# [Data extract]
————

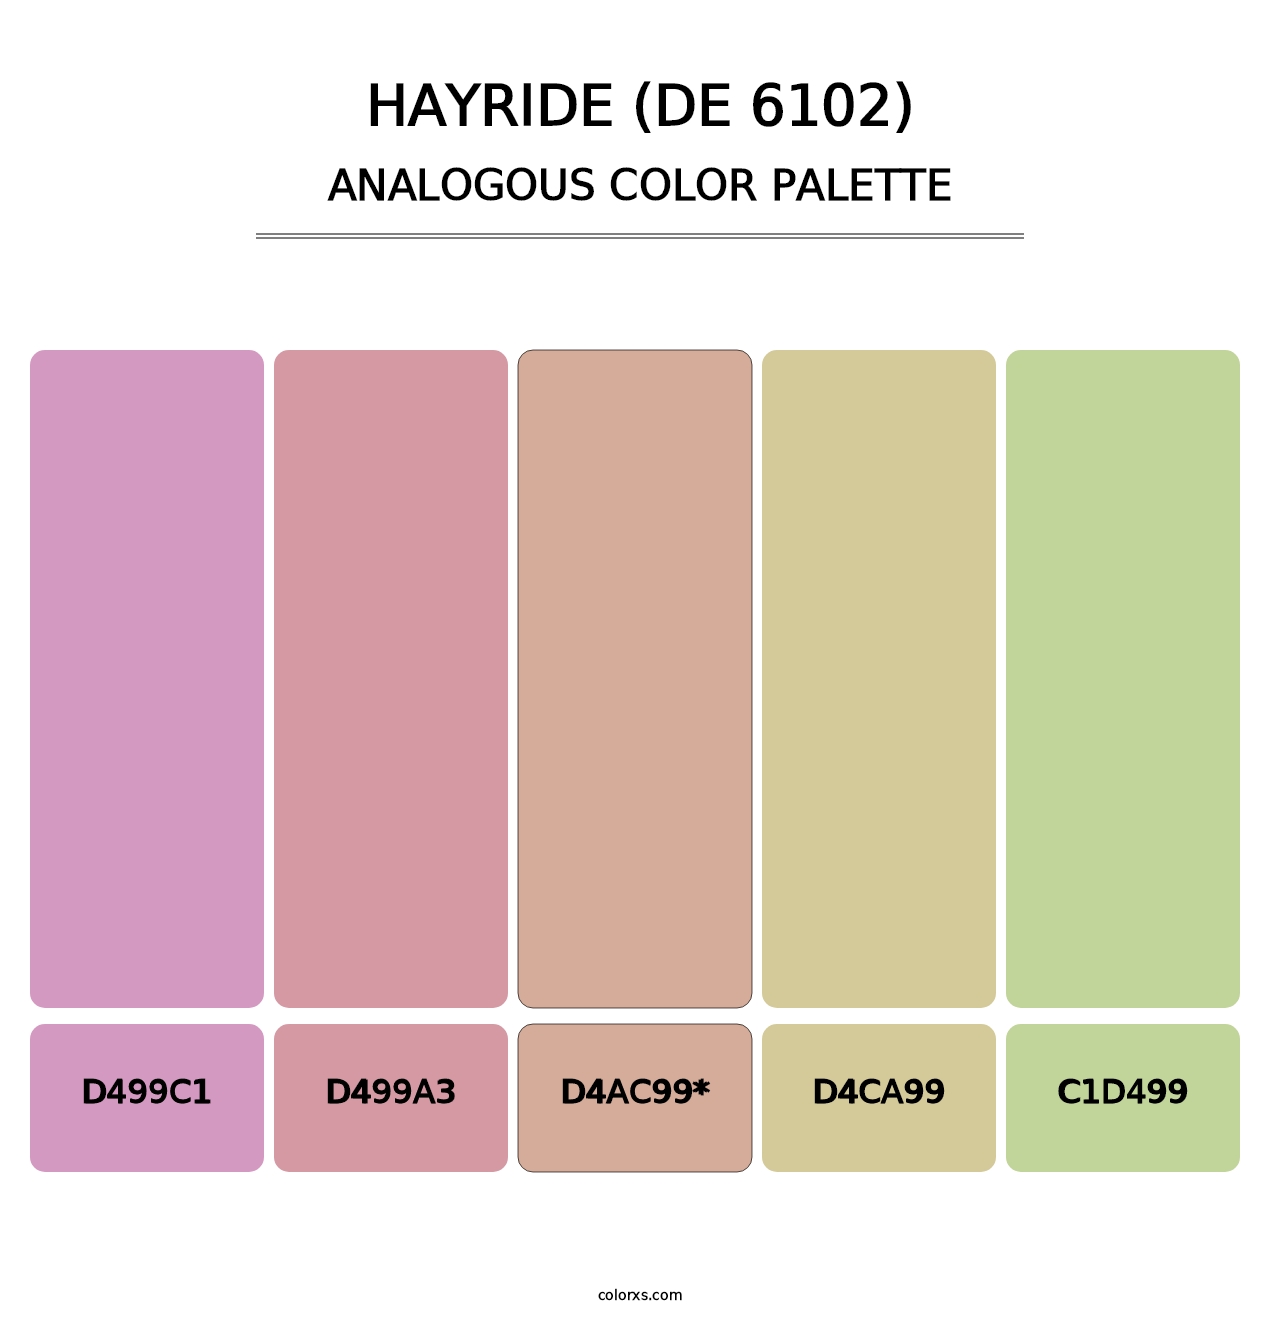 Hayride (DE 6102) - Analogous Color Palette
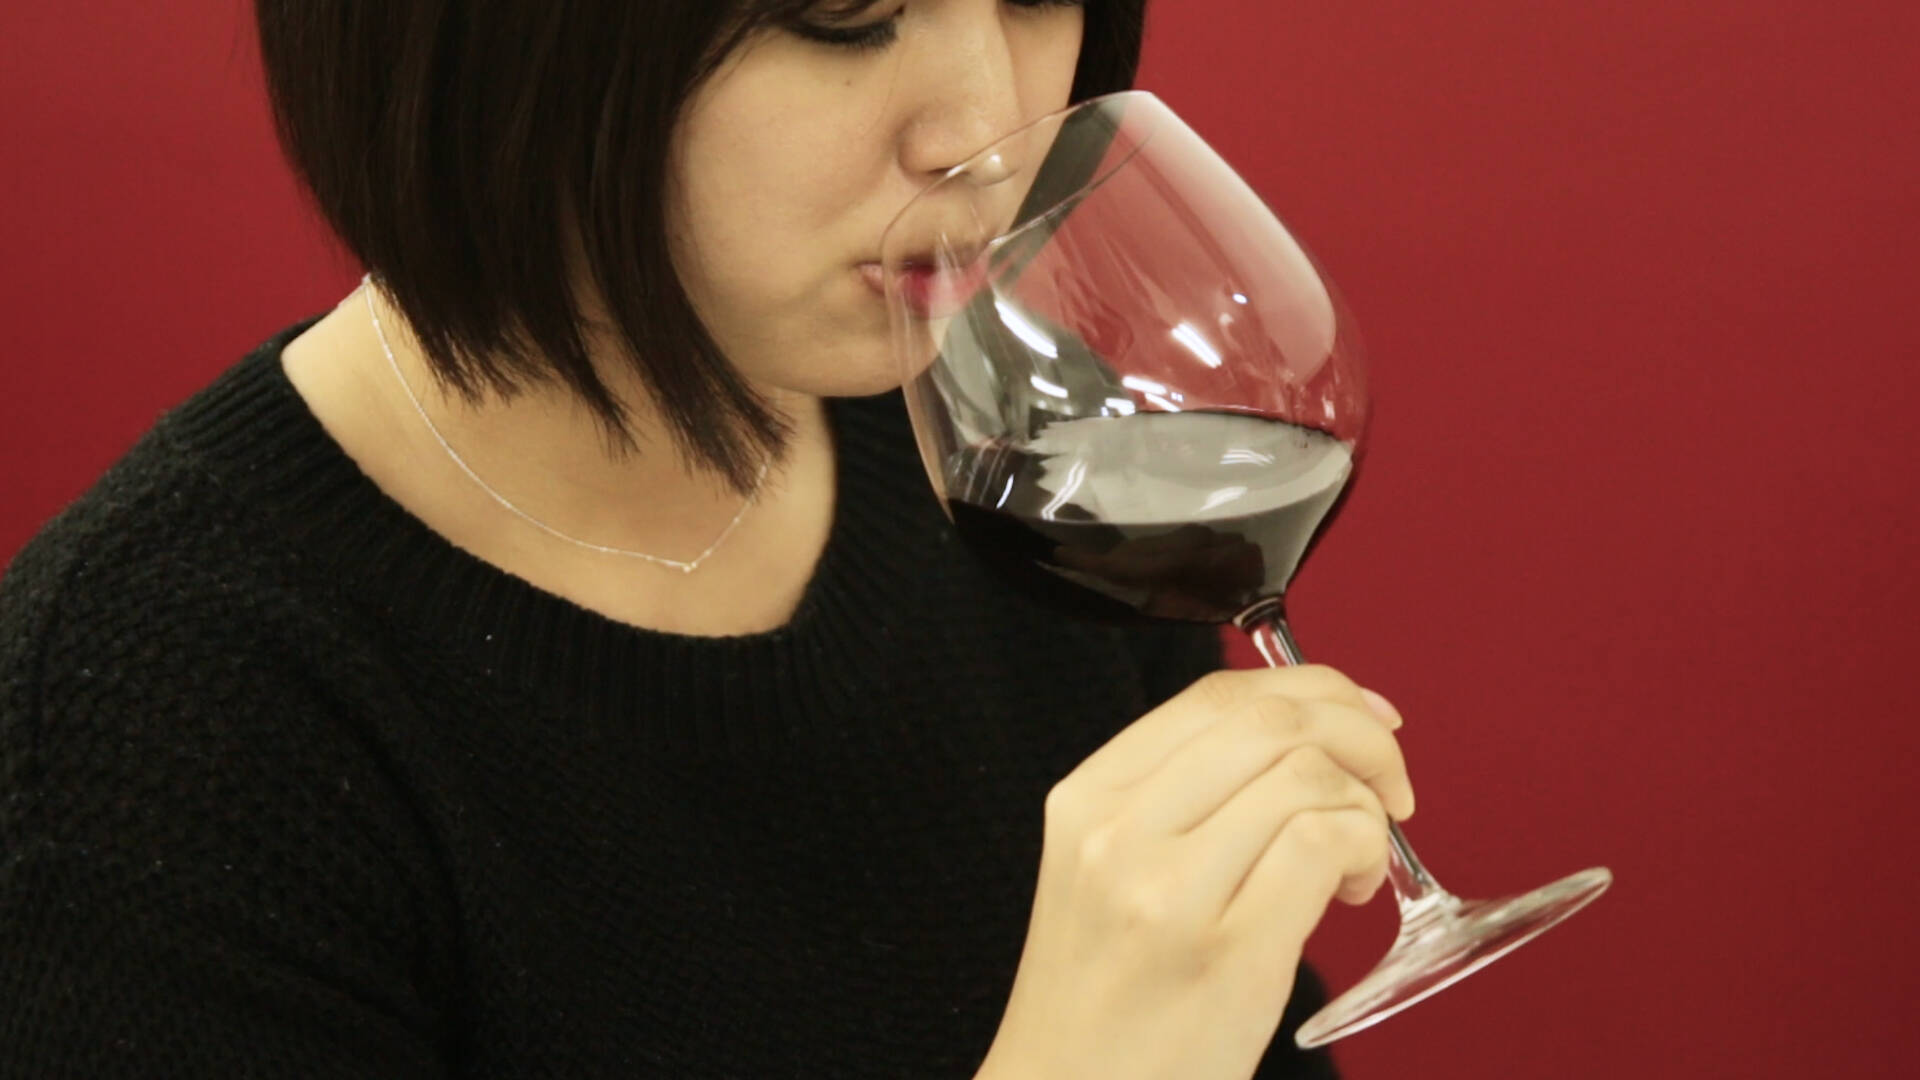 ワインの飲み方 正しいマナーと注ぎ方 持ち方を詳しく解説 19年11月日 エキサイトニュース
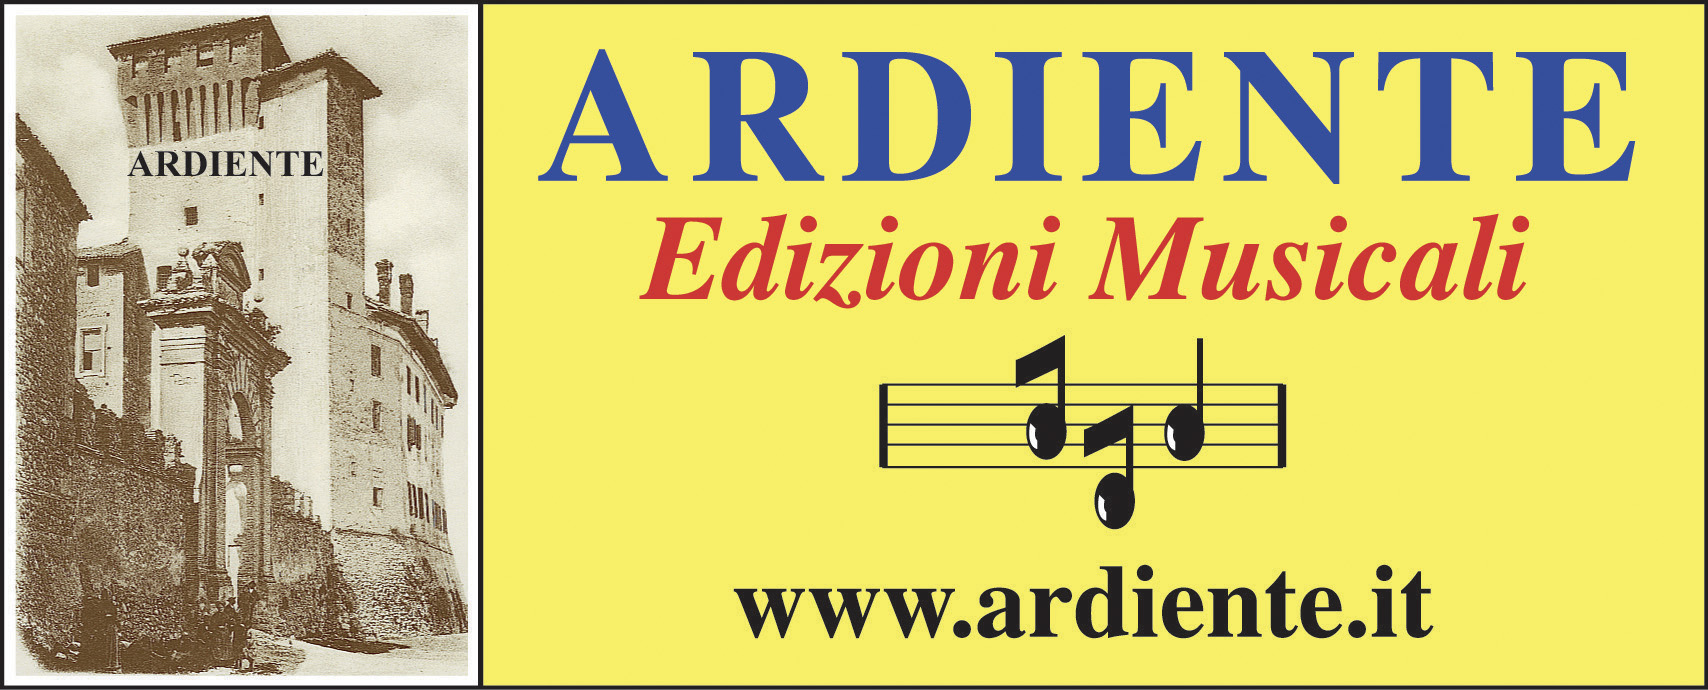 Ardiente Edizioni Musicali

————

# [Exercise description]
A verbatim copy of the data, pictures removed, is the expected result.

# [Your response]
 Hayride (DE 6102) - Analogous Color Palette
 ワインの飲み方 正しいマナーと注ぎ方 持ち方を詳しく解説 19年11月日 エキサイトニュース
 Ardiente Edizioni Musicali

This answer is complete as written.